İnsanın insana dostluğu, alternatifli ve menfaate bağlıdır.

Gerçek dost, maddi menfaatlerin ötesinde aydınlığa çıkarır. Yalnız, Allah’la dostluk tek taraflıdır ve yegânedir.

 

Veciz sözler!

Hayatın nimetini, bana verdiğiyle aldığım durumda olan biriyim. Ben, kendine münhasır bir varlığım…

Ben karşılaştığım insanları, biraz celali olarak düzeltmek istiyorum. Bunda yanlışlık var. Suhuletle, sevgiyle düzeltmek istesem; yani af ederek yapsam daha iyidir, o da cemalidir.

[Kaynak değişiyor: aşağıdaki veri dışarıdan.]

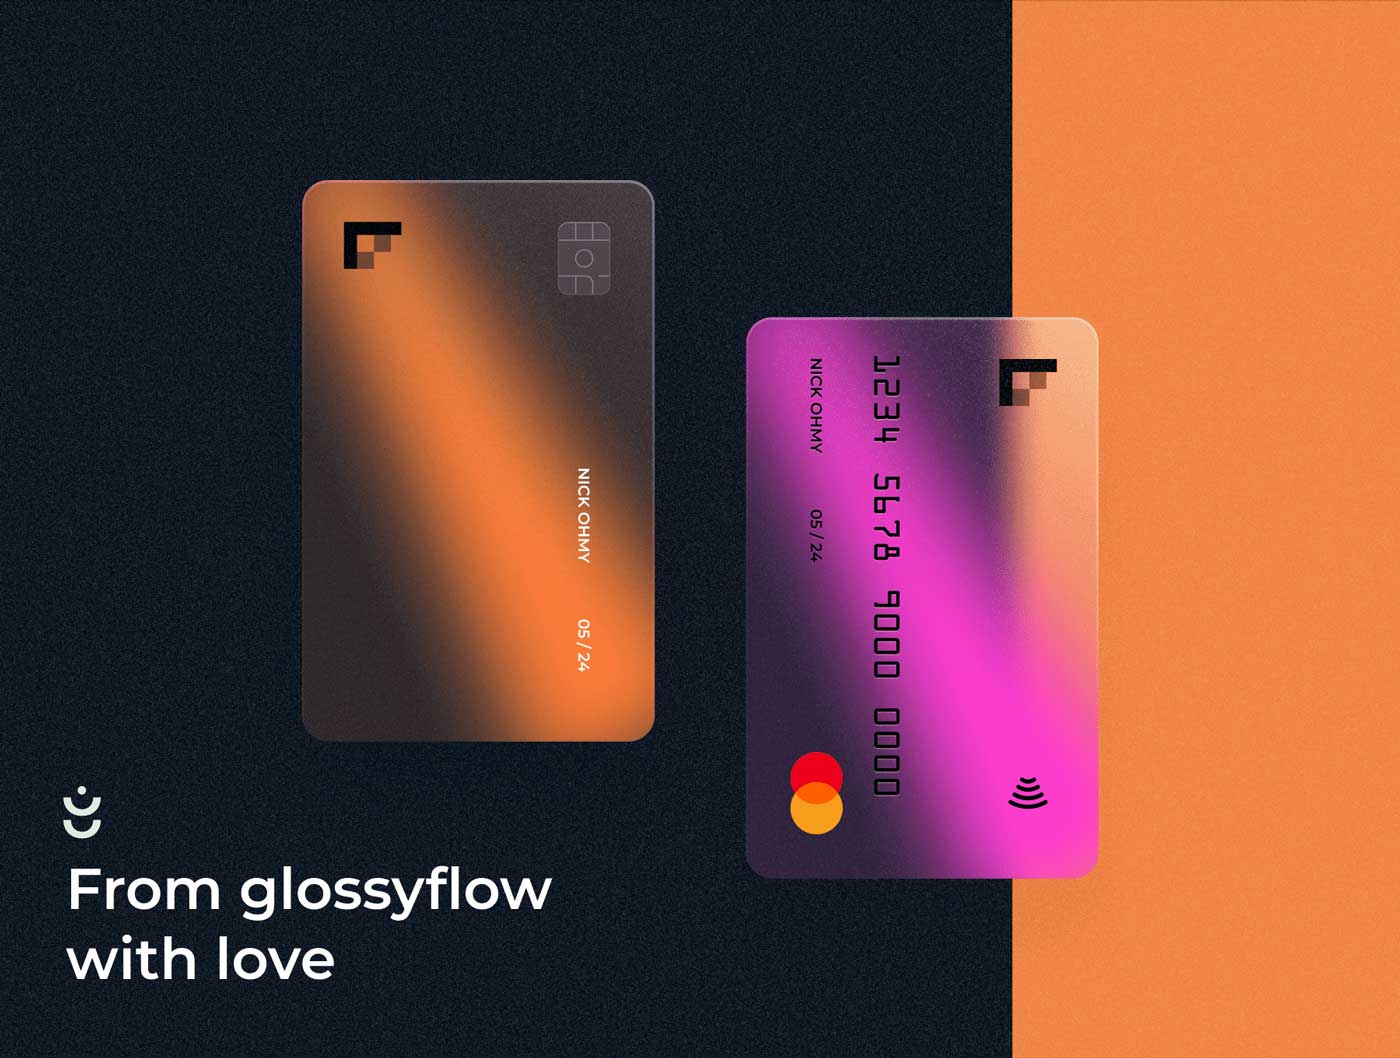 Glossy银行卡样式设计 .fig素材

Rızkı yaratan Allah’tır. Mülk Allah’ındır. İnsan mülkün mirasçısıdır. Maddi olarak sıkıntı çekenler, Allah kapısız duvar yaratmamıştır. Kapıyı bul ve aç. Rızık talebin, tevekkülün sonucudur. Ekilmiş bir tohum, toprağın duasıdır.

Azap,  insanı huzurundan mahrum bırakmaktır. Hakikat hep yenidir. O eskimez, hep sadedir.

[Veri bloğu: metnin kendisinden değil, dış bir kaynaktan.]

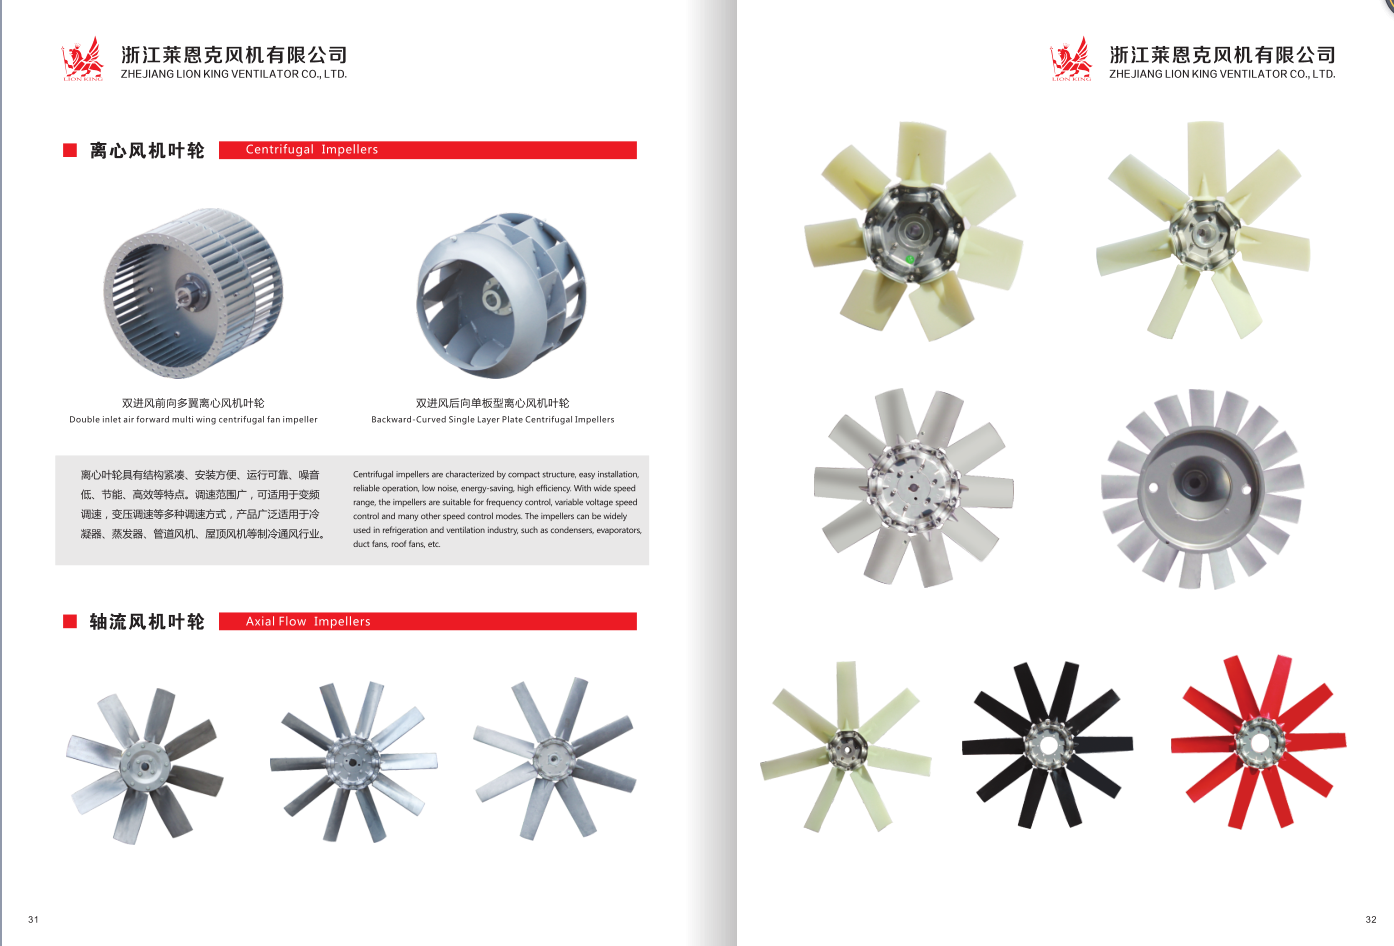 axial fan aluminium alloy axial blade impeller

Ecel-i müsemma, ismi belli ecel..

Büyüklendikçe büyüklendiler. Küstahlaştıkça küstahlaştılar.

İhsan, bir işi en güzel şekilde yapmaktır. Allah, her işte ihsanı emretmiştir.

Allah’tan iste, kuldan değil! Allah verirse, kul hayır demez.

Kederden ve üzüntüden kurtulmak istiyorsan; Allah’ı daima an, Allah dostu ile ol, hikmet sahibi kimselerin sözlerini dinle, ferahlarsın.

Sen cisminle değil, ruhunla insansın. Aynı cisim hayvanda da vardır.

İnsan, hizmet etmeye aileden başlar.

Mezhepler, yorumdur. Din yerine konmasın!

İrade ve akıl nimettir, ama yan tesiri vardır, saf olanı müstesnadır.

İnsan fıtraten şefkate layıktır, af dilemelidir.

Asıl krallık ilim, krallığıdır. Onun için cehalet kralı, ilim kralının ayağına gitmeli.

Âlim, Kralın ayağına gitmez, Kral Âlimin ayağına gider.